Resilienza, forza e coraggio

Resilienza.

Se vuoi puoi.
Forza, coraggio.

Sinceramente la trovo tutta retorica da motivatori social da 4 soldi. Perché si tratta di retorica.

Quando ti accade qualcosa di brutto (e quando accade che quel qualcosa siano bizzeffe di mine vaganti), le cose acclarate sono 2:

1) il caso.

La fortuna esiste eccome, per citare il caro, vecchio Woody Allen:

"Chi disse preferisco avere fortuna che talento, percepì l'essenza della vita...

A volte, in una partita, la palla colpisce il nastro e per un attimo può andare oltre, o tornare indietro. Con un po' di fortuna va oltre e allora si vince. Oppure no. E allora si perde" - Match Point.

Puoi metterci tutta la tenacia del mondo, rialzarti, riprovare, ma se i calci arrivano li prenderai a ripetizione, senza neanche bisogno di porgere l'altra guancia, che nel mentre ti staranno pure schiaffeggiando.

Possiamo solo subire stoicamente ciò che accade, provando a navigare a vista in un mare torbido, un passo dopo l'altro.

E qui veniamo al punto 2)

resilienza forza coraggio

Ovvio che ti rialzerai, a meno che tu non sia talmente tanto sopraffatto dai guai e dai dispiaceri della vita, tanto da mollare del tutto (e a quel punto anche la collettività ha fallito e in ogni caso i giri della nostra mente a volte sono misteriosi); ti rialzerai, perché è l'unica cosa che puoi fare, andare avanti e continuare a provare in modo indefesso.

Sdoganiamo questa cultura per cui siano da ammirare le persone forti, quelle toste e coraggiose, che non mollano mai, resilienti, appunto.
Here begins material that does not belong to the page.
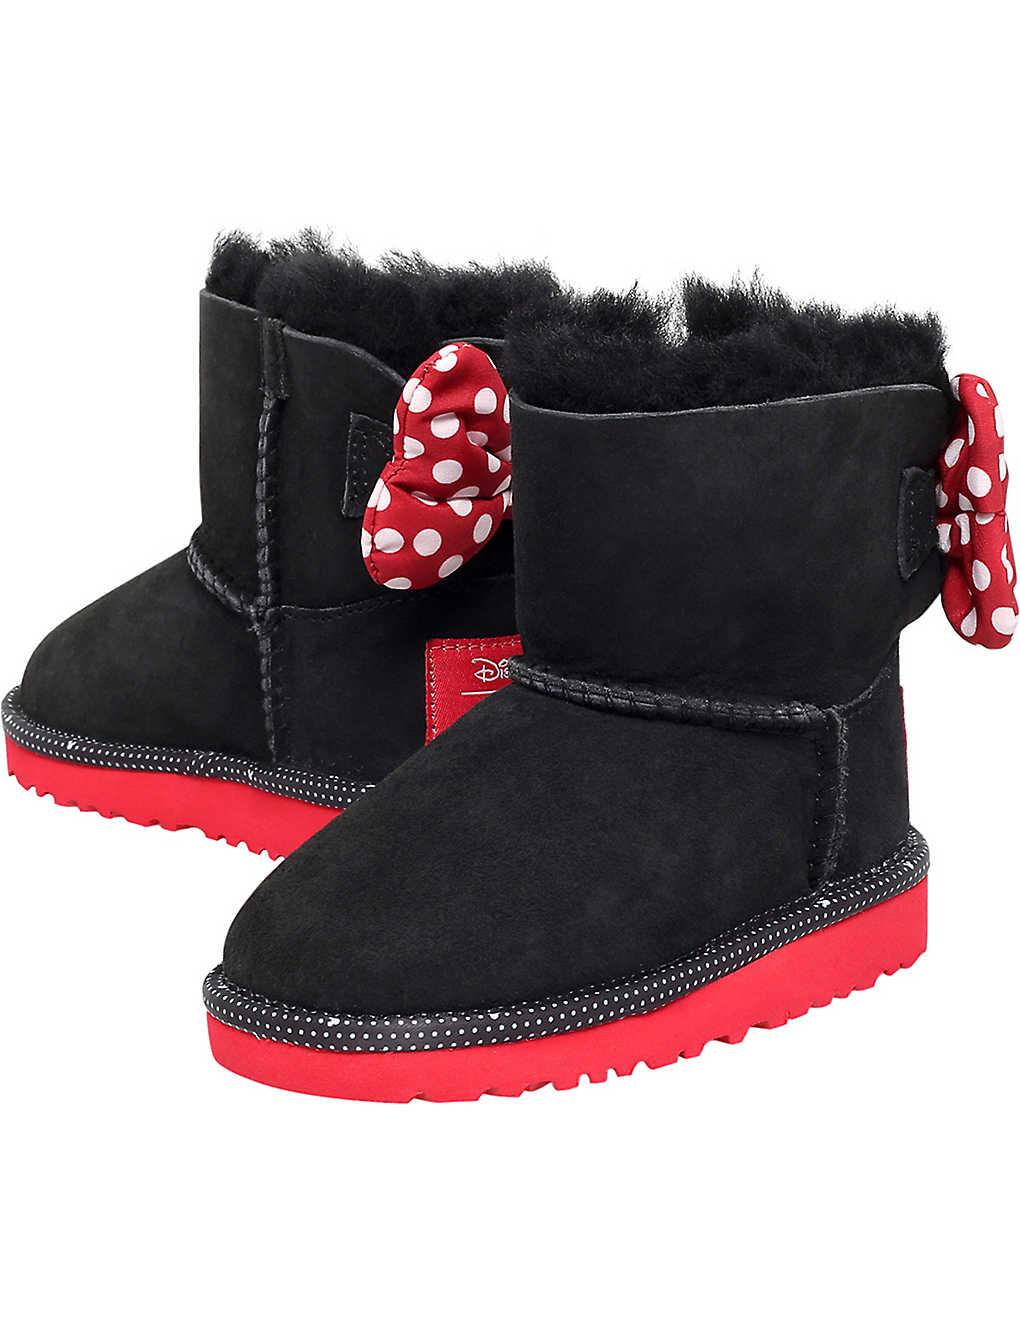 40c4c6e856b UGG - UGG x Disney Sweetie bow sheepskin boots 7-8 years ...

NO, io ammiro quei poveracci che prendono schiaffi, jella, calci e si concedono di poter piangere, di dire basta, di urlare contro la vita tutto il loro dolore e piangersi pure un po' addosso. Perché poi dovranno comunque alzarsi e metterci una pezza, continuare a provare e sarà d'obbligo farsi forza. E non perché siano resilienti e non mollino mai, ma semplicemente perché la sopravvivenza implica l'andare avanti.

Non torneranno più com'erano prima, altro che resilienza (la capacità di un materiale di assorbire un urto senza rompersi); saranno scuciti, strappati, rotti, malconci, tristi. Sì, tristi, perché sentiranno il peso di una società che gli urla "se vuoi puoi! Coraggio! Forza!" quando non è che uno sia matto che dica "ah no, scusate, io sono contento di non concludere nulla, di stare male, di avere solo guai, di essere sopraffatto".

E se anche ad esempio, un atleta dopo un infortunio, decidesse di non proseguire io non me la sento di giudicarlo. Non me la sento di dire "quello è un grande perché si è rialzato subito, quell'altro è un guerriero". Ma chi siamo noi per sapere cosa stia provando? cosa prova una persona malata, che soffre?

Rivendico il mio diritto di stare male, di maledire il mondo e la sfortuna. Tanto, la vita per diverso tempo (si spera) busserà alla mia porta e io dovrò farmi trovare pronta. Con buona pace della signora resilienza, che la mattina non deve alzarsi, prendere la metro e andare a guadagnarsi la pagnotta per il mutuo a 40 anni, le bollette, le spese, le visite mediche. Che quel mutuo, se vuoi, puoi pagarlo in comode rate mensili. Anzi devi.

Dedicato a tutti coloro che non mollano, semplicemente perché non possono e si sentono giù di morale, stremati e tanto tanto stanchi.

Sorridete, che non siete i soli a fare schifo, siamo tanti. I super uomini e le super donne li lasciamo nelle serie tv. Noi siamo umani. D'altronde come diceva Miss Rossella: "domani è un altro giorno".